In addition to a competitive salary and excellent terms and conditions of employment Avacta Group Plc offers the opportunity for employees to join a stakeholder pension scheme.
Background to the Company
Avacta Analytical Ltd is based in Wetherby, United Kingdom, halfway between the dynamic cities of York and Leeds and provides services and innovative instrumentation to the biopharmaceutical market. Our focus is to equip customers with a broad range of capabilities, enabling them to develop their therapeutics quicker, cheaper and better. As a small, but dynamic and growing company we pride ourselves on our service and the relationships that we build with our customers through our core cultural values of innovation, boldness, fulfilment and care.
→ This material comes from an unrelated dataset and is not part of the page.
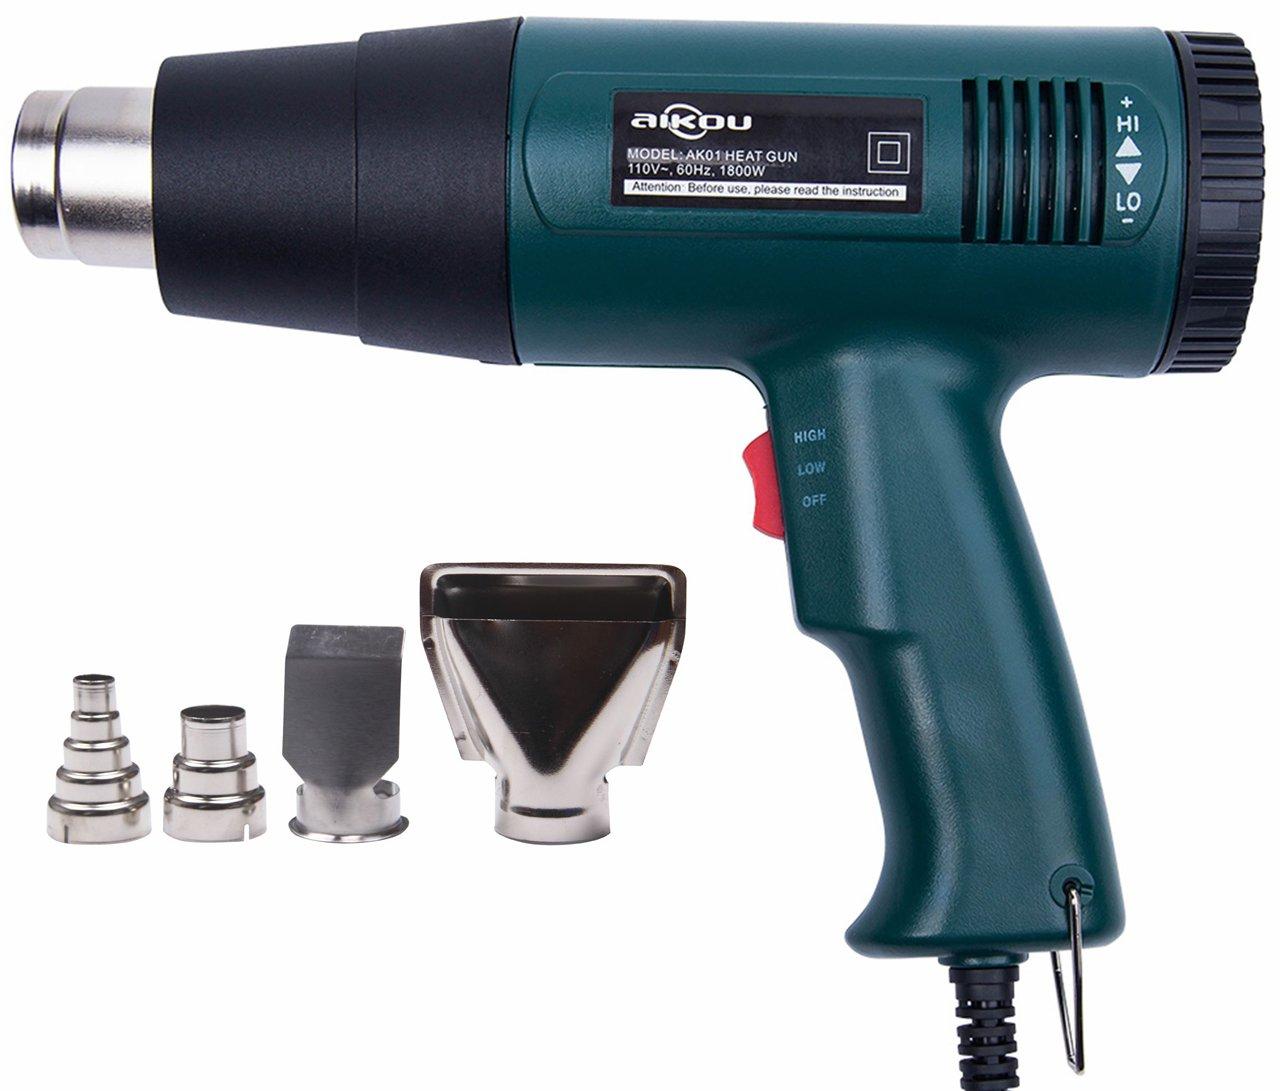 AIKOU 1800W Adjustable Temperature Power 110V Hot Air Heat Gun Fast Heating Blower Kits (Green)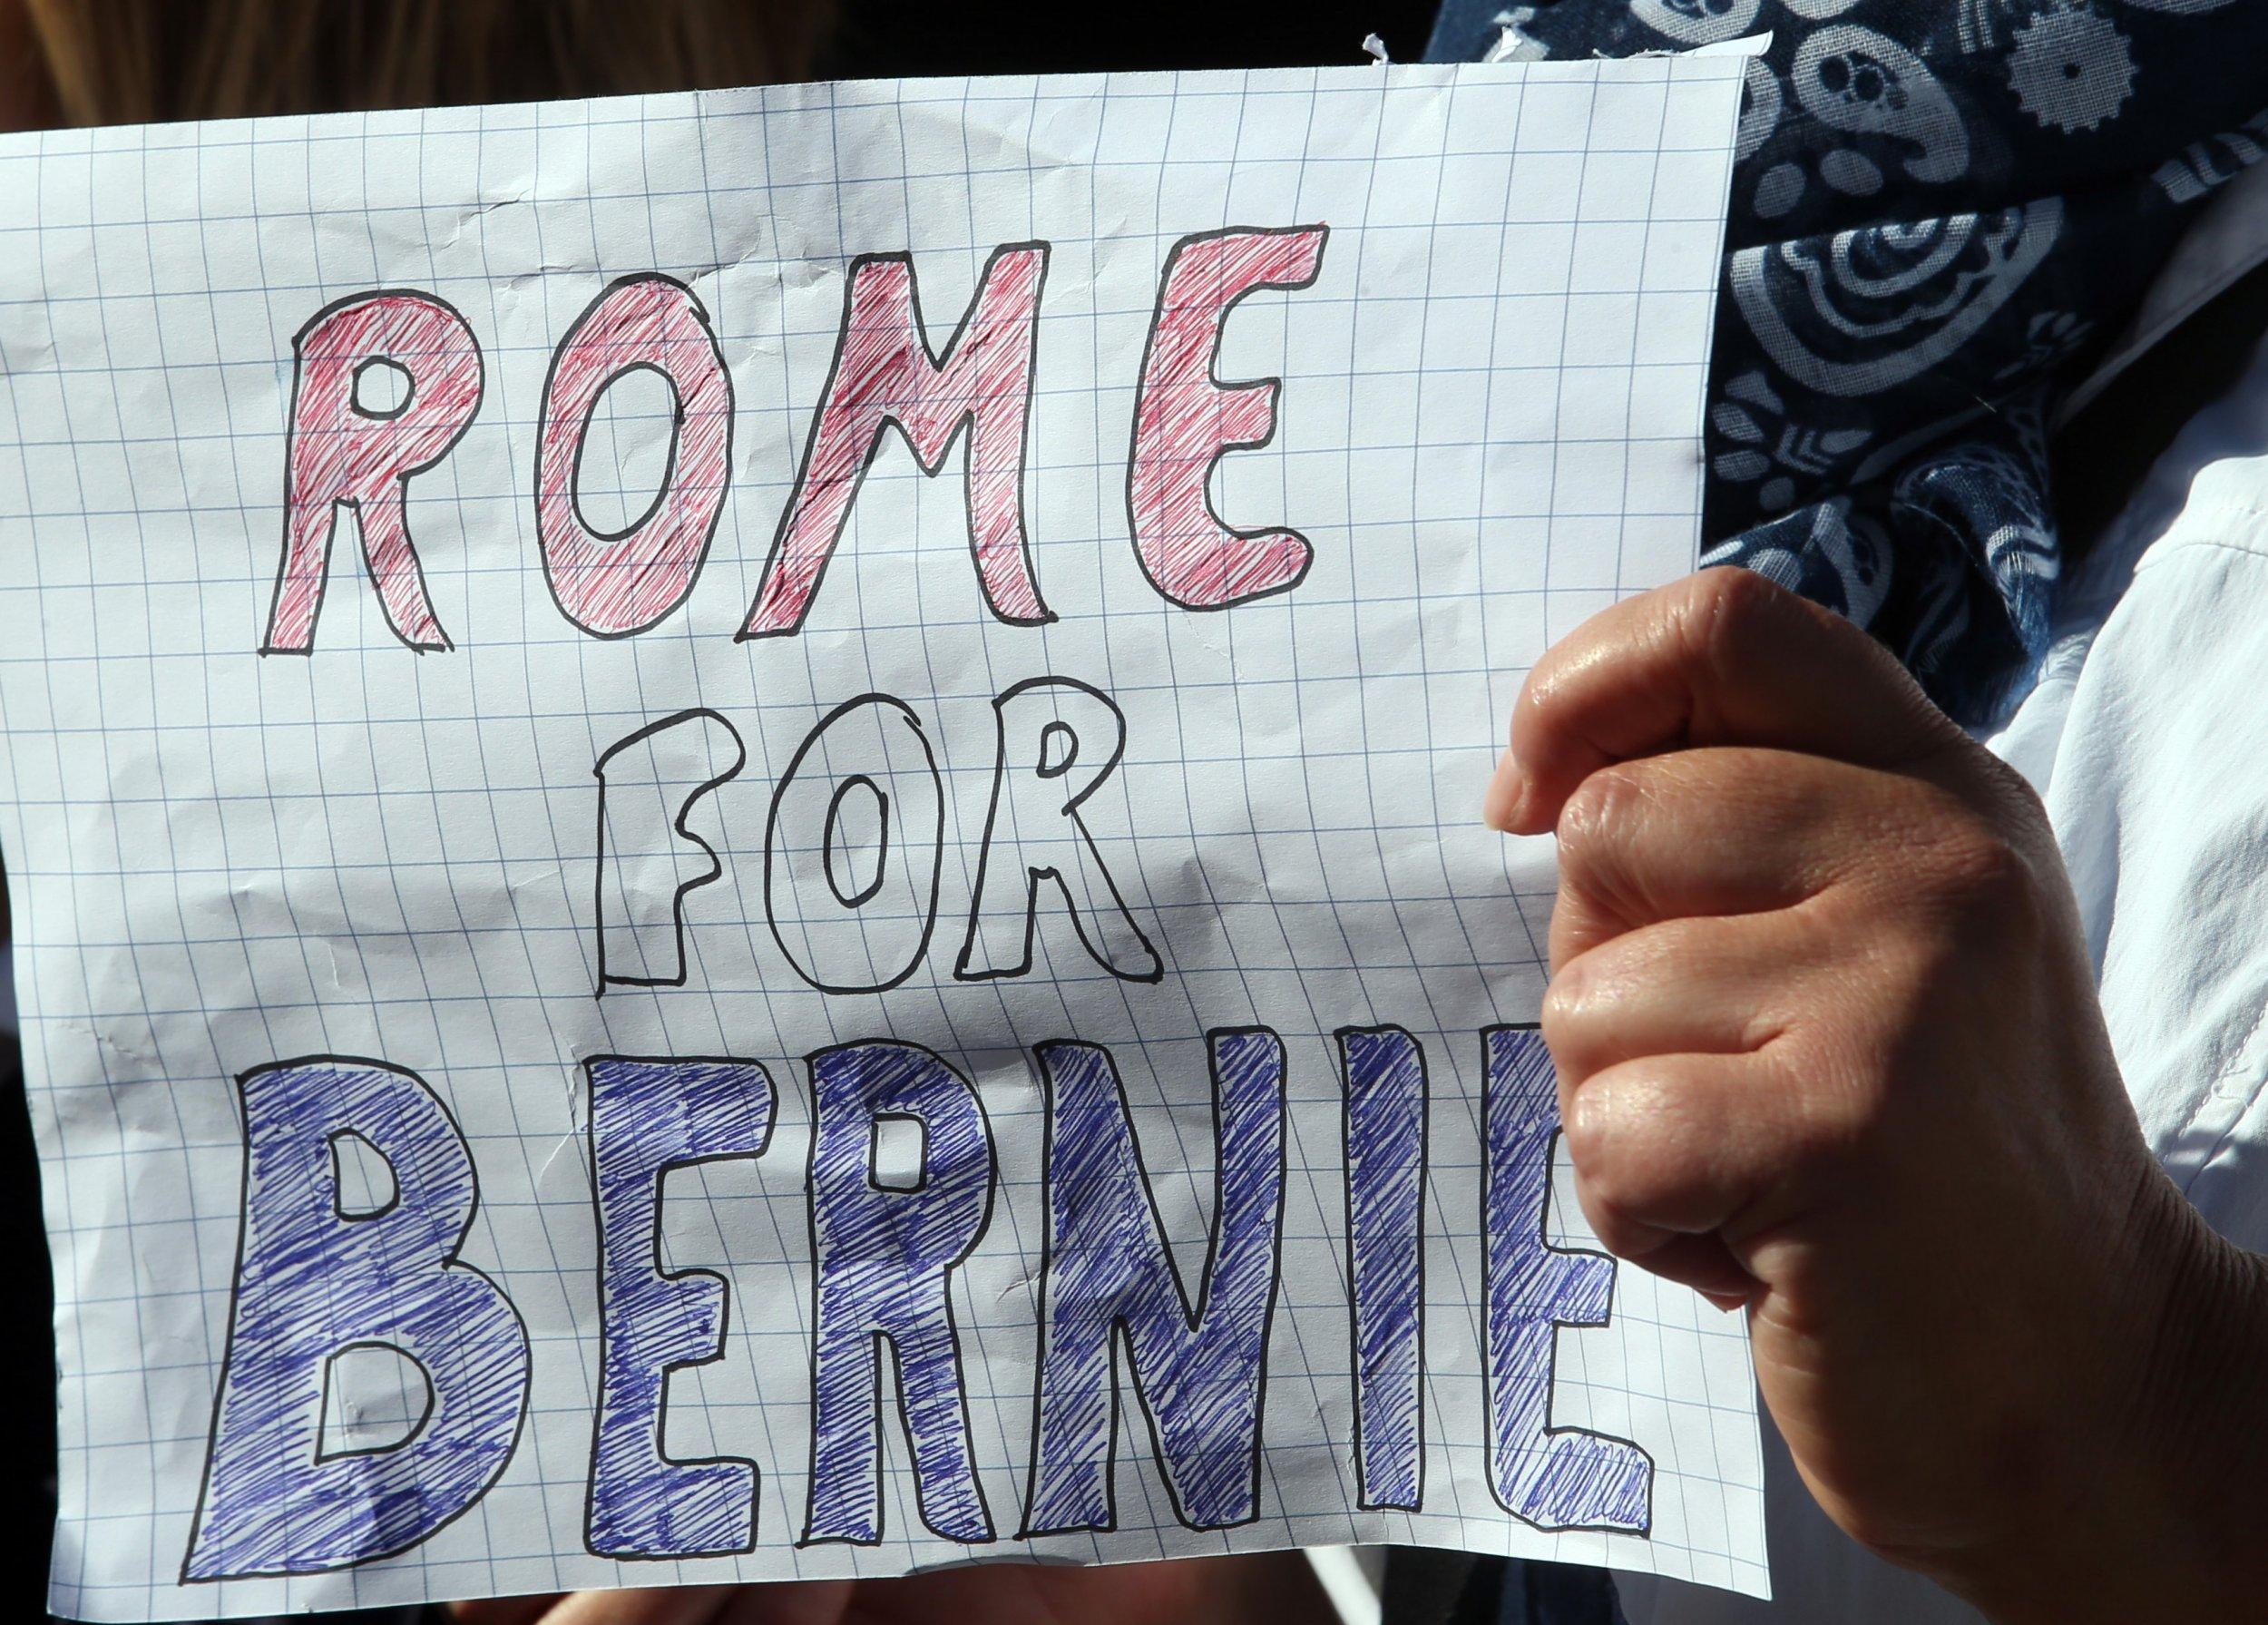 Bernie Rome

Avacta Group joined AIM in August 2006. More information about Avacta Group Plc can be found at www.avacta.com
Study Manager – Formulation Scientist
A position has become available for the right candidate to take a specialist role within our small team of analytical scientists. Avacta are a specialist biophysical and physicochemical analytical CRO based outside of Leeds. We provide analytical services to variety of global Biopharmaceutical companies, supporting them at various stages of their drug development programmes. The selected candidate will take a lead in delivering a variety of analytical projects and programmes to our customers.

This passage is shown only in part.